These are three appeals with common facts and issues In re: Estate of Christopher Bondurant, 35-CA-89, and the Estate of Thomas Frazier v. Gulf Insurance Company, 40-CA-89 were consolidated on appeal.
Cases 39-CA-89 and 35-CA-89 arose out of an automobile accident involving two vehicles in which four persons died and two others were seriously injured. One vehicle was insured by defendant-appellee J.C. Penney Casualty Insurance Company (J.C. Penney). Christopher Bondurant, decedent of plaintiff-appellant Administrator of the Estate of Christopher Bondurant (Bondurant's Estate) was a passenger in the automobile insured by J.C. Penney. That vehicle also contained another passenger as well as a driver.
The other vehicle was owned and operated by Randall Robinson, deceased. The Robinson vehicle had three passengers beside the driver, two of whom were also killed.
J.C. Penney and Robinson's insurance company, West American Insurance Company, paid a total of $400,000 into the Fairfield County Common Pleas Court as the total available under the policy's limits. This amount did not include any uninsured or underinsured motorist coverage, but was liability insurance.
The various claimants reached an agreement with the two insurance companies for distribution of the funds, and the trial court filed the judgment entry on June 9, 1988 that outlined the settlement. Pursuant to the entry, Bondurant's Estate was to receive $35,000. Apparently it is undisputed by the parties that this does not fully compensate the Estate for Christopher Bondurant's death.
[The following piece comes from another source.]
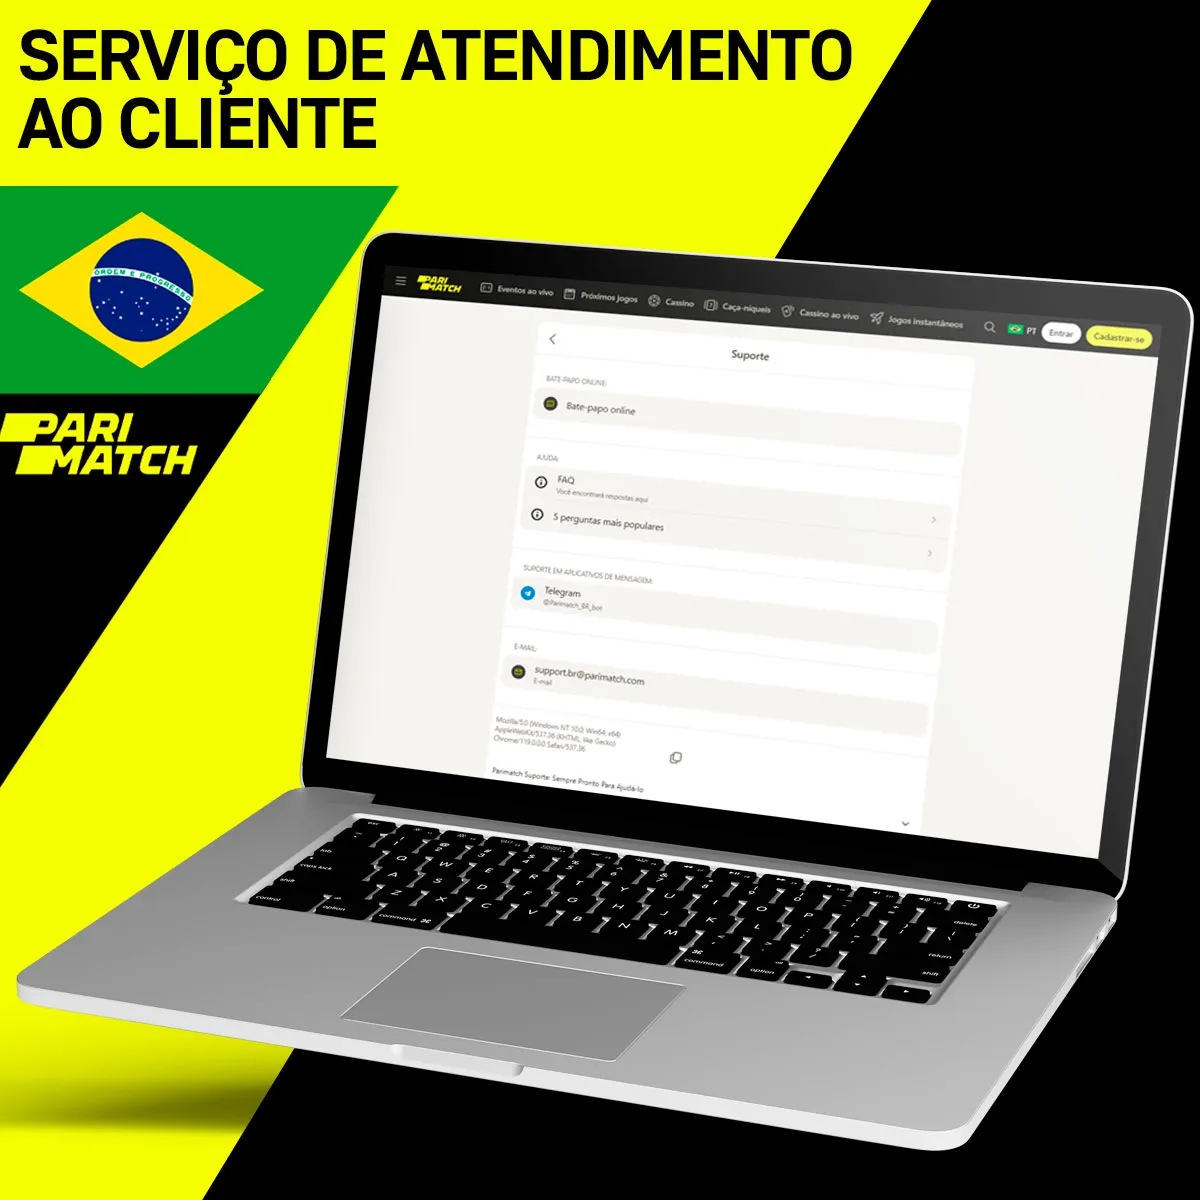 Suporte ao cliente Parimatch Brasil

Following the distribution of the liability limits, Bondurant's Estate made a claim against J.C. Penney for $265,000 under its $100,000 per person/$300,000 per occurrence uninsured and underinsured motorist limits. J.C. Penney maintained that Bondurant's Estate could not recover from both the liability limits and the under-insured motorist limits of the same policy and same car for the same accident. The trial court granted summary judgment in favor of J.C. Penney, and this appeal ensued.
In Case 35-CA-89, Bondurant's Estate appeals from a judgment of the Probate Court of Fairfield County, Ohio that overruled the motion of the Estate to set aside its judgment approving the settlement supra, and the release signed in consideration of that settlement.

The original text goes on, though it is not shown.